Reportage da Ventimiglia: intervista a due solidali di Popoli in Arte

Continua il reportage da Ventimiglia che vi ha accompagnato per tutto Agosto. Andremo a raccontarvi le parole dei solidali che operano sul confine italo-francese, che nonostante una continua e feroce repressione nei loro confronti, continuano ad agire per garantire ai migranti in transito la possibilità di avere un pasto caldo, nuovi vestiti e assistenza legale con la speranza che prima o poi il confine possa riaprire. Questa volta, per tutti e tutte.

In questa settima puntata vi riportiamo un’intervista fatta a due solidali di Popoli in Arte residenti a Ventimiglia. Ci racconteranno della loro associazione e di come vivono da cittadine la situazione di Ventimiglia.

  1. Che cos’è Popoli in arte? È un’associazione nata dieci  anni fa da persone che vivevano  in diverse parti  del Mondo – Brasile, Haiti, Ventimiglia – e che condividevano un sogno: quello della diffusione dell’educazione popolare secondo il metodo Freire. Consiste nell’attivazione di processi di coscientizzazione, quindi di cittadinanza attiva dal basso, che favoriscano il dialogo tra le parti Sud e Nord del Mondo, tra il Primo Mondo e il Secondo Mondo. È un processo di consapevolezza che può essere liberatorio e può portare a una società più inclusiva.

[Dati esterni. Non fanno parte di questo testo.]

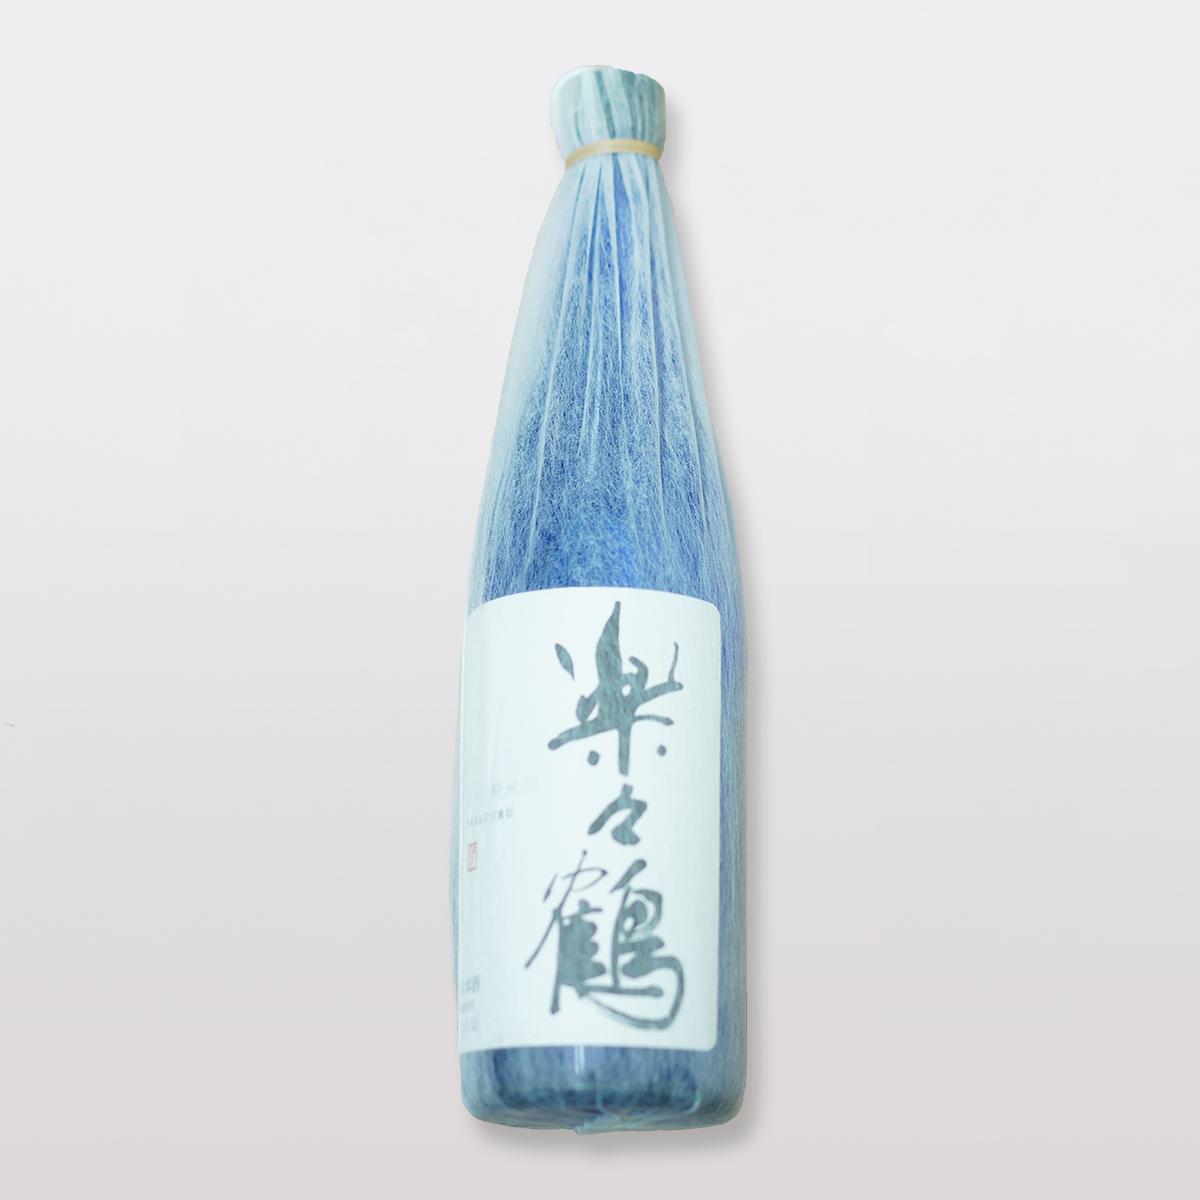 楽々鶴純米酒
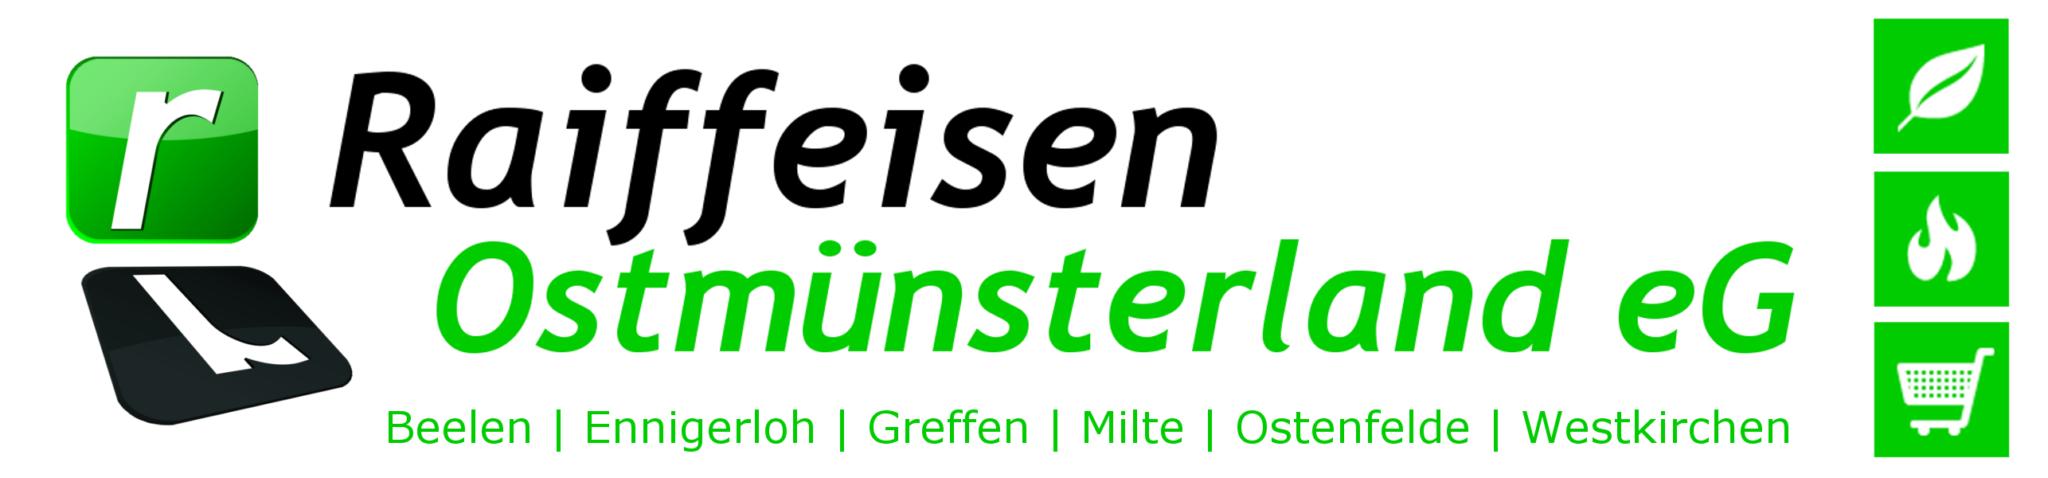 Raiffeisen Ostmünsterland eG
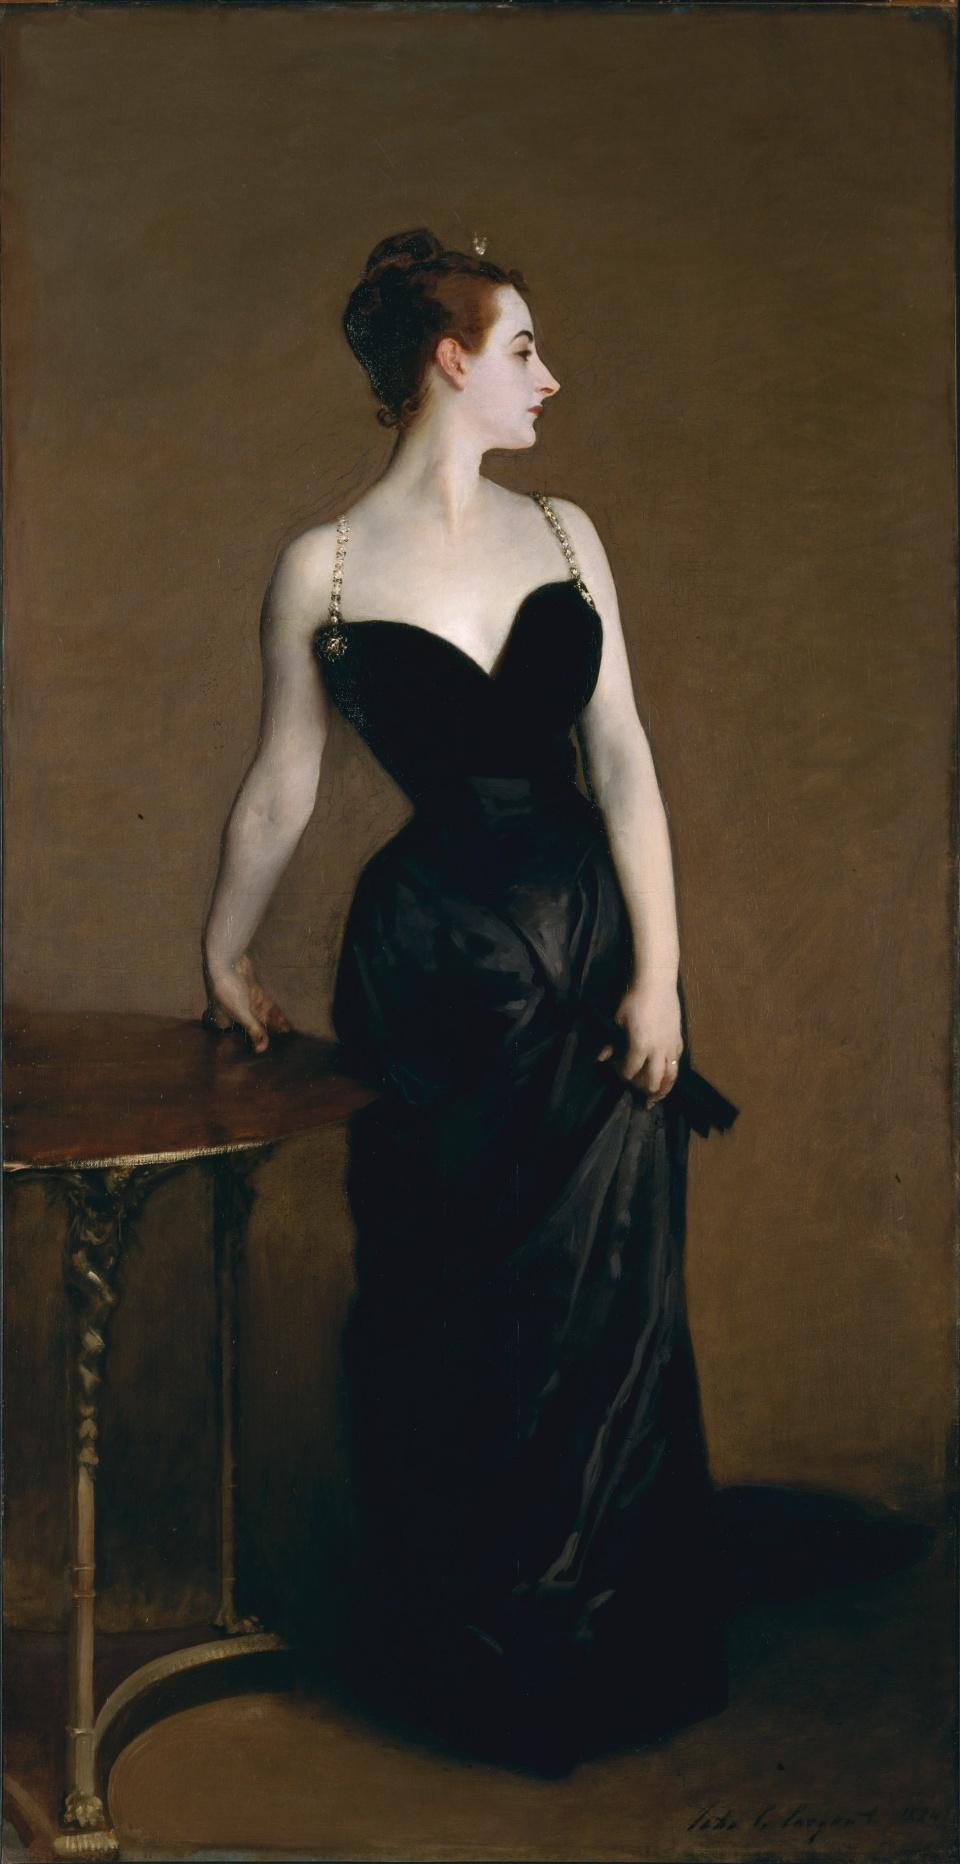 Madame_X_(Madame_Pierre_Gautreau),_John_Singer_Sargent,_1884_(unfree_frame_crop)

  2. Tu sei di Ventimiglia? Sono una napoletana trapiantata a Ventimiglia da dieci anni. froont a  -Come hai visto in questi anni l’evolversi del flusso migratorio qui a Ventimiglia?  Ventimiglia è una terra di confine e ovunque c’è un confine c’è un flusso migratorio costante. Se vai a guardare studi fatti da enti importanti nel passato, vedrai che qui c’era da vent’anni un flusso continuo di afghani che sono sempre passati inosservati e nessuno ha mai notato il fenomeno, eppure c’erano. La situazione è diventata un’emergenza per la città nel Giugno 2015, credo, perché il colore della pelle delle persone che passano da qui è cambiato. Gli afghani sono più o meno bianchi, i profughi che sono incominciati ad arrivare – sudanesi, etiopi eritrei- sono neri. Il cambiamento di colore ha reso il fenomeno più visibile.

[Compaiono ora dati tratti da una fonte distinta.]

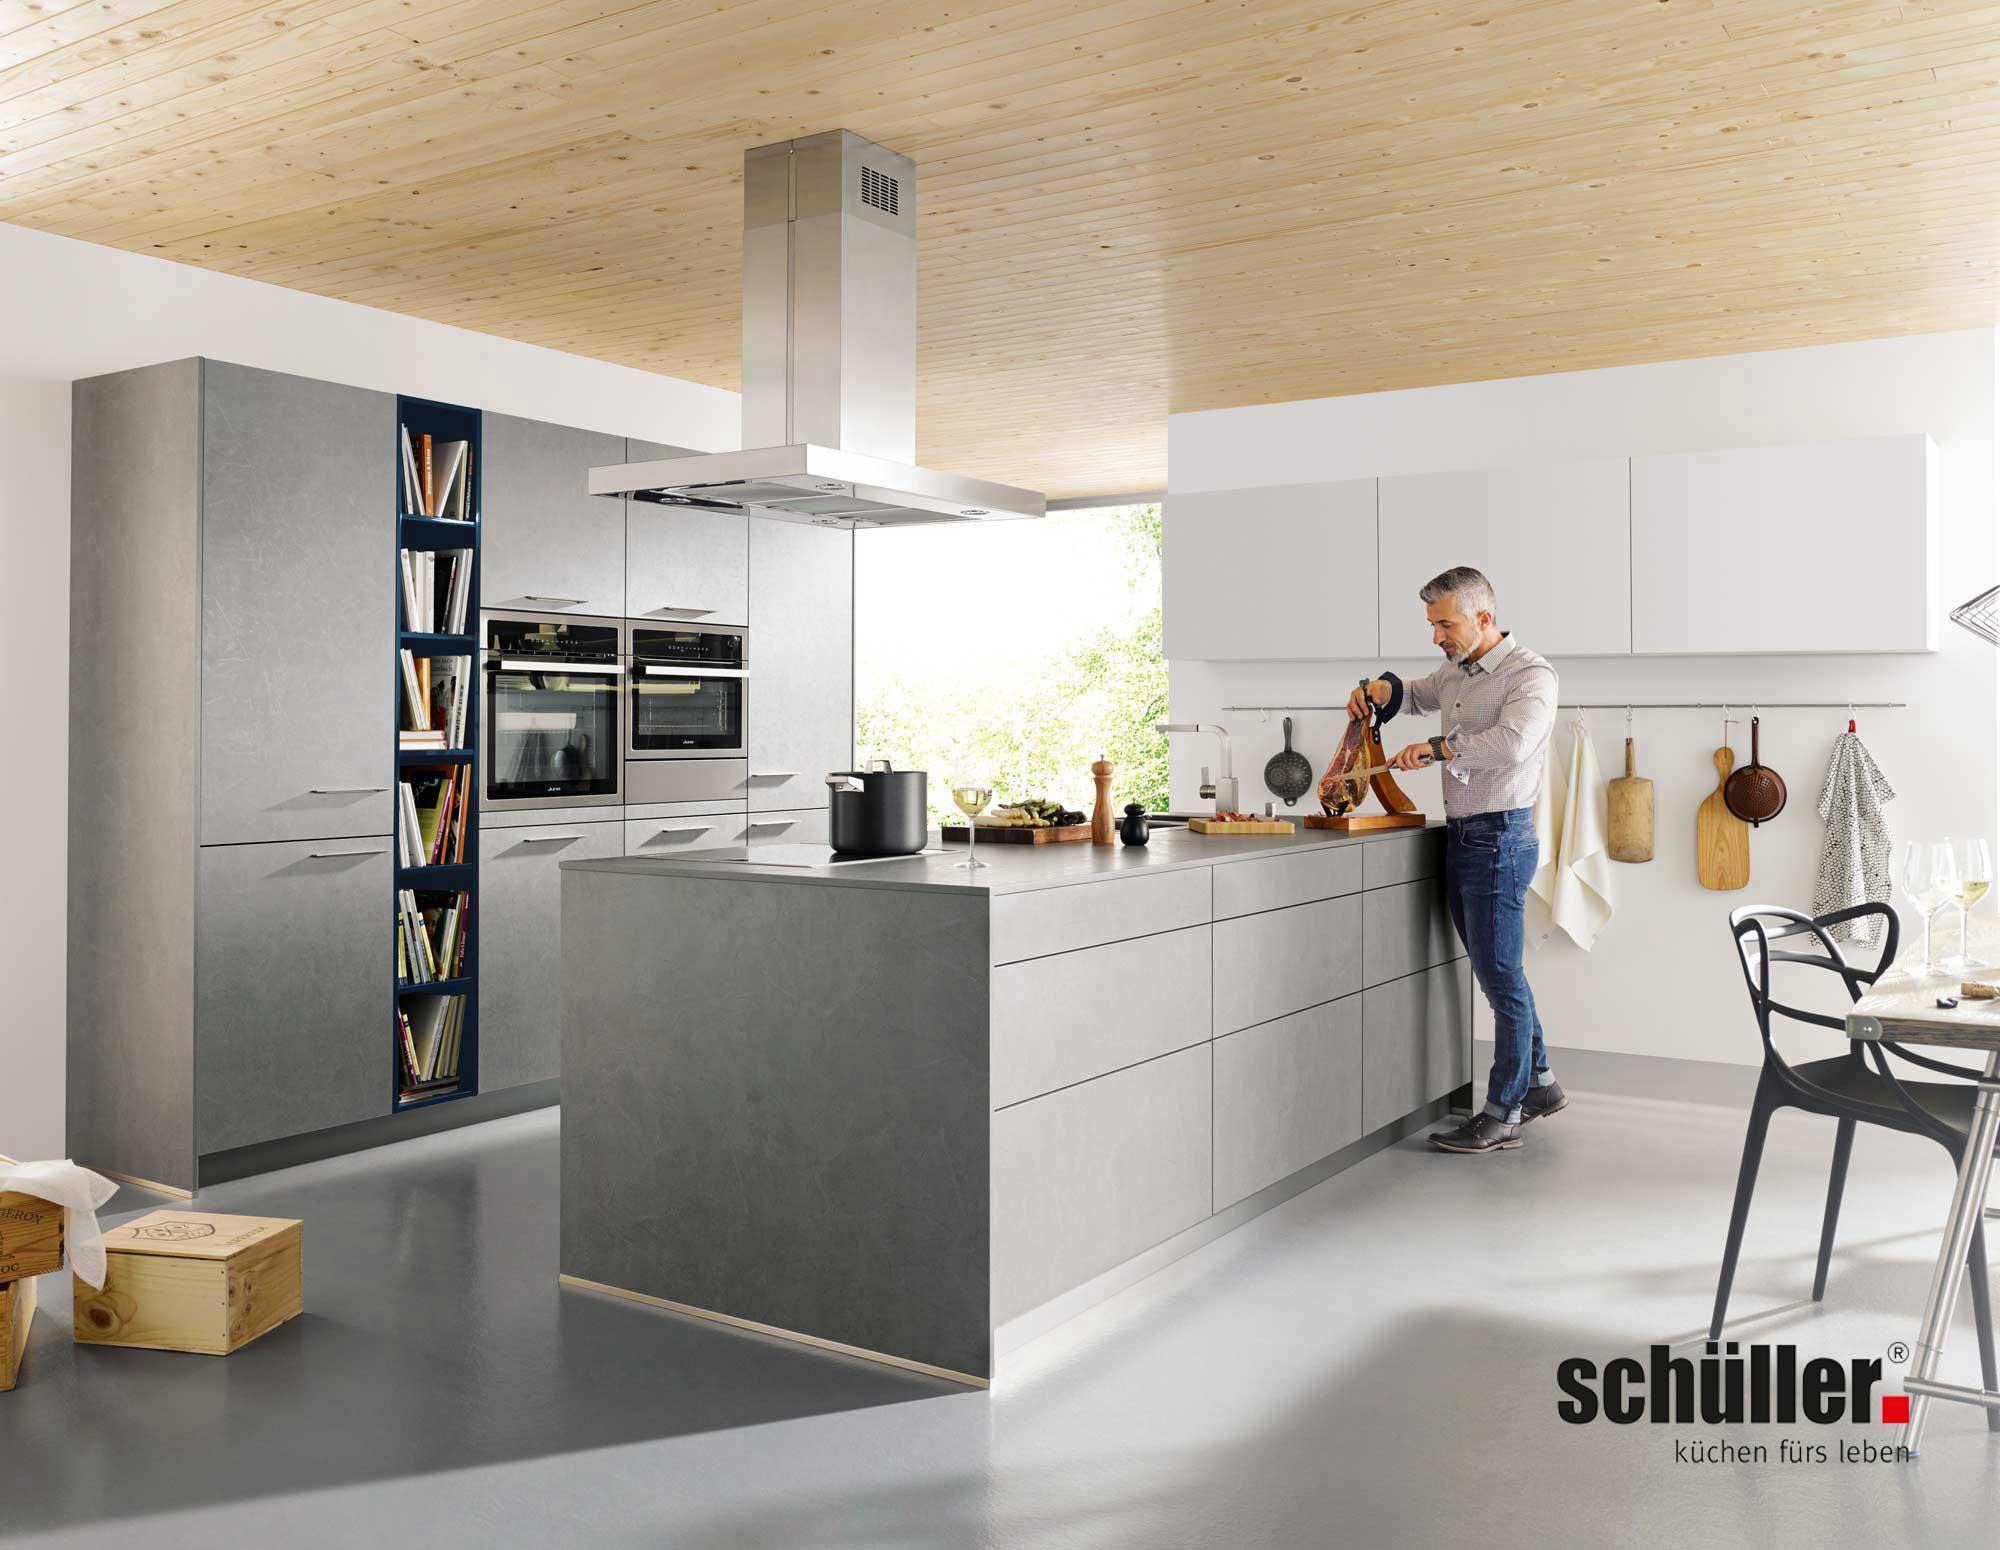 Full Size of Inselküche Abverkauf Schller Inselkche Elba Mit Praktischen Funktionen Jetzt Online Bad Küche Inselküche Abverkauf

  3. Che reazione hanno avuto i ventimigliesi? Guarda, la mia opinione è questa: nei primissimi mesi (metà Giugno 2015) fino a quando è stato creato il primo campo della Croce Rossa – quello vicino alla stazione- la cittadinanza aveva risposto in modo molto solidale. C’erano persone che portavano i panini, prodotti per i bambini, si fermavano in stazione per avere dei momenti di intrattenimento e di gioco con chi era lì. Dopo la creazione del primo campo della Croce Rossa, c’è stata una divaricazione tra chi ha cominciato a vivere questa presenza come un’occasione per essere solidale e chi ha cominciato a viverla come un problema.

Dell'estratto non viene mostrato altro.